The Student News Site of Punahou School

Ka Punahou

The Student News Site of Punahou School

Ka Punahou

The Student News Site of Punahou School

Ka Punahou

Punahou Seniors’ Advice on the College Application Process

Alexander Hall houses the College Counseling department at Punahou (Image courtesy of Punahou School)

The college application process is usually accompanied by a great deal of stress and confusion for students, who may find themselves overwhelmed by the decisions ahead and the number of details they are expected to keep track of. In hopes of helping future applicants navigate the process more easily, several Punahou seniors shared their experiences with Ka Punahou, including their advice and what they wish they had known before applying.

One of the first questions that arises is how many schools to apply to. The consensus among those interviewed was that applicants should target between nine and fifteen schools. According to Christine Dong ‘22, “there is no ‘ideal’ number” of schools to apply to; students should instead focus on “researching and doing what’s best for you.” Still, Dong said, “it is important to keep your options open, so I would advise having at least 10 colleges on your list.”

Jairus Rhoades ‘22 only applied to three schools. “I think this was way too little for comfort, but I was originally planning on just applying to one,” Rhoades explained. “All of this is because I applied single choice early action, and applied to two other schools just to see if I could have more financial options. If I didn’t get into my early school, I probably would have applied to like 12 schools.”
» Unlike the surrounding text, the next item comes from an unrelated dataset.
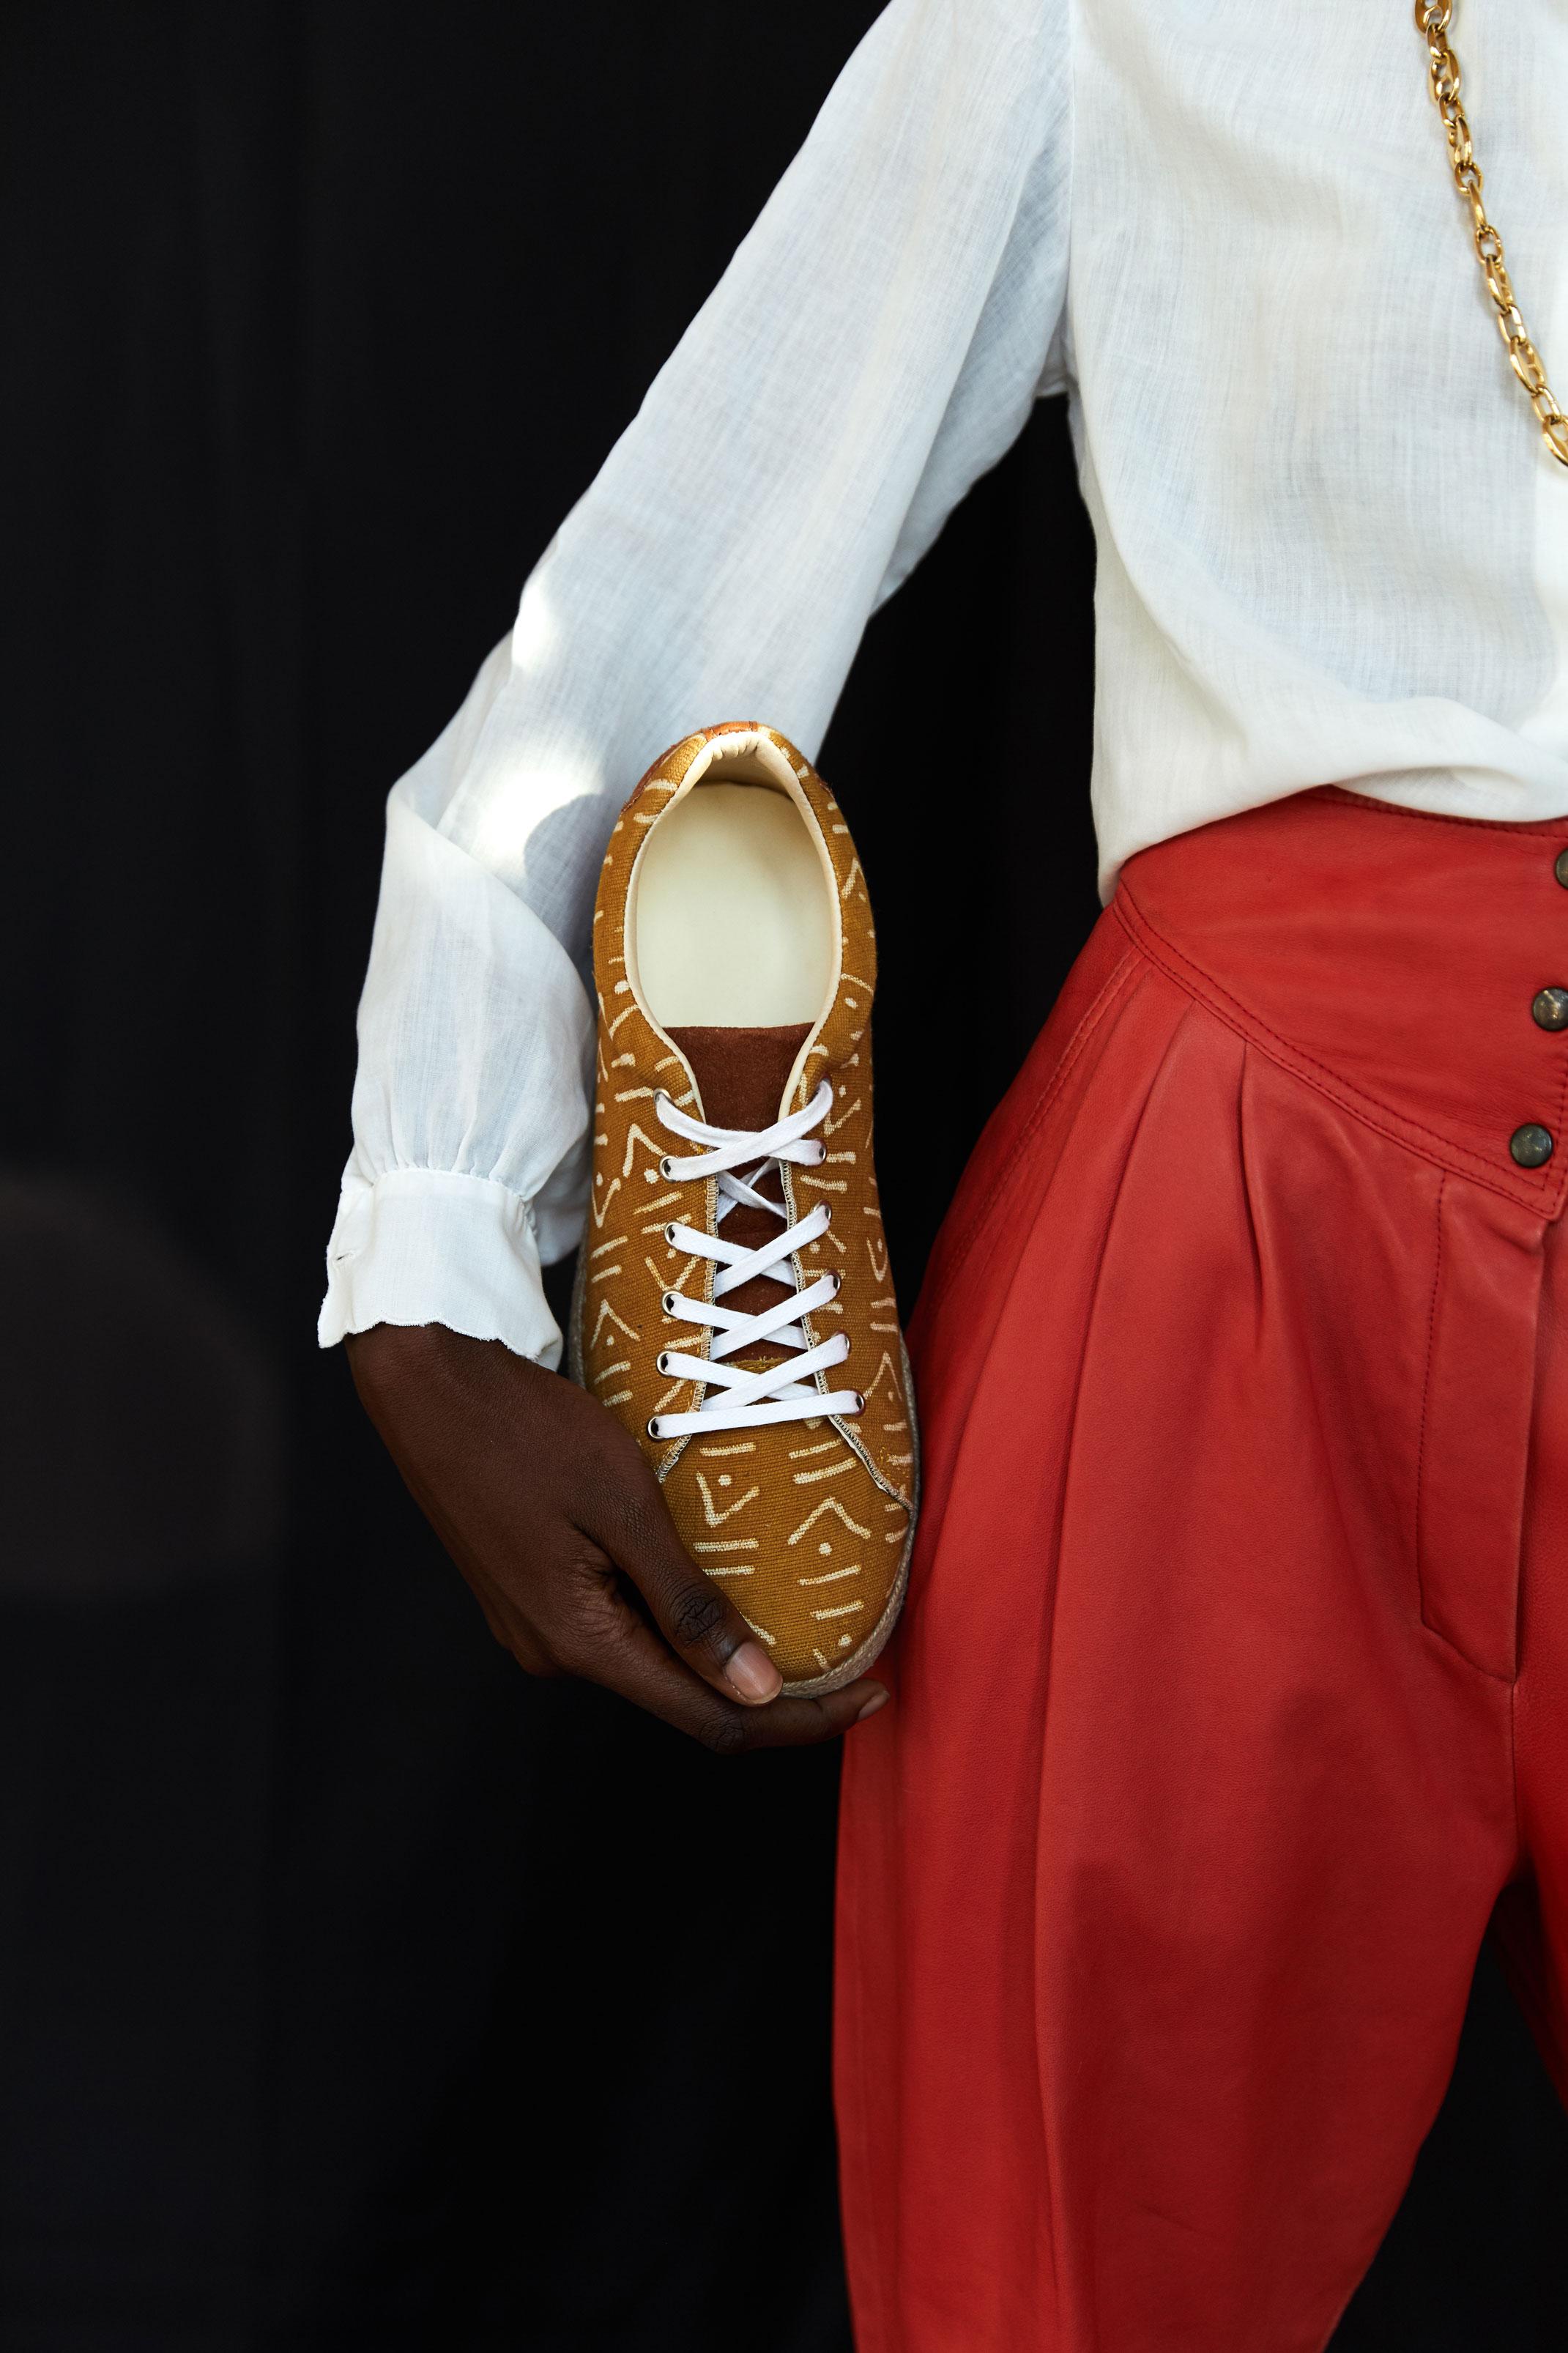 umoja chaussure eco responsable quimper
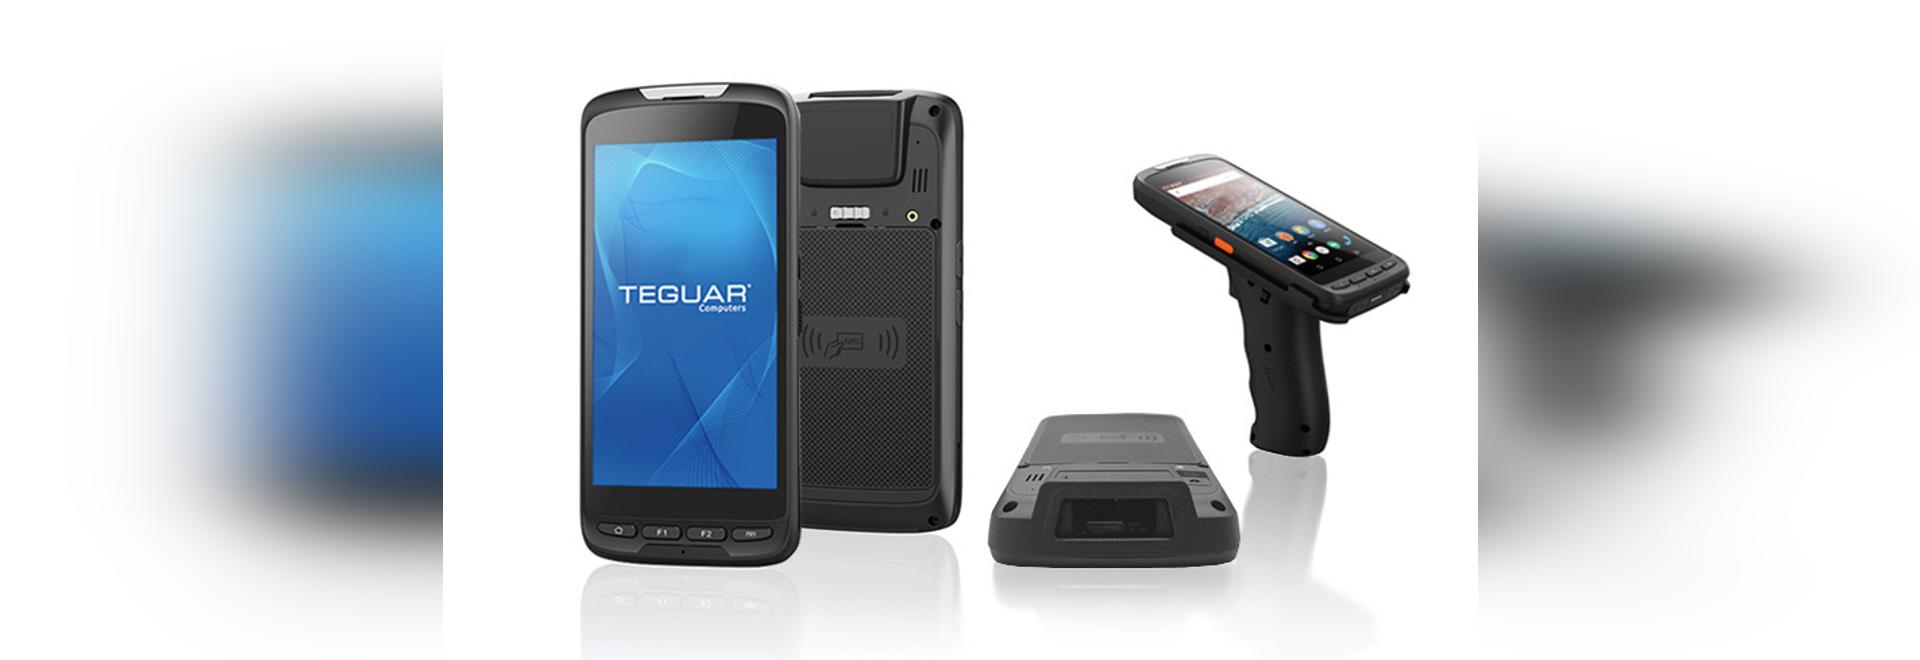 "Teguar 5"" dispositivo portatile robusto | TRH-A5380-05"

Applicants may wonder whether to apply early action (EA), early decision (ED), or regular decision. Interviewees agreed that EA or ED increases your chance of acceptance, but ED comes with a much higher level of commitment. “Personally, I prefer EA because I wasn’t completely set on a school, so I didn’t want to be bonded to my early choice,” Alec Yueh ‘22 said. “However, if you are completely sure which school is your top choice institution, then I’d recommend doing ED.” All of those interviewed applied EA or ED and were happy they did.

The seniors also had suggestions about college research. They stressed the importance of looking beyond an institution’s statistics and finding the school that would be the best fit. Trisha Yamamoto ‘22 shared, “You can do all the research you want on websites, which you should, but you will never understand life as a student unless you talk to one. Think about your priorities and never settle, there are tons of colleges out there and you deserve the one that fits you. Don’t focus on a college’s popularity or prestige – nothing is better than the right fit.” Jonathan Wu ‘22 also suggested that potential applicants ask questions of alumni and those who live in the vicinity of the school to get a more accurate sense of the experience at the particular college.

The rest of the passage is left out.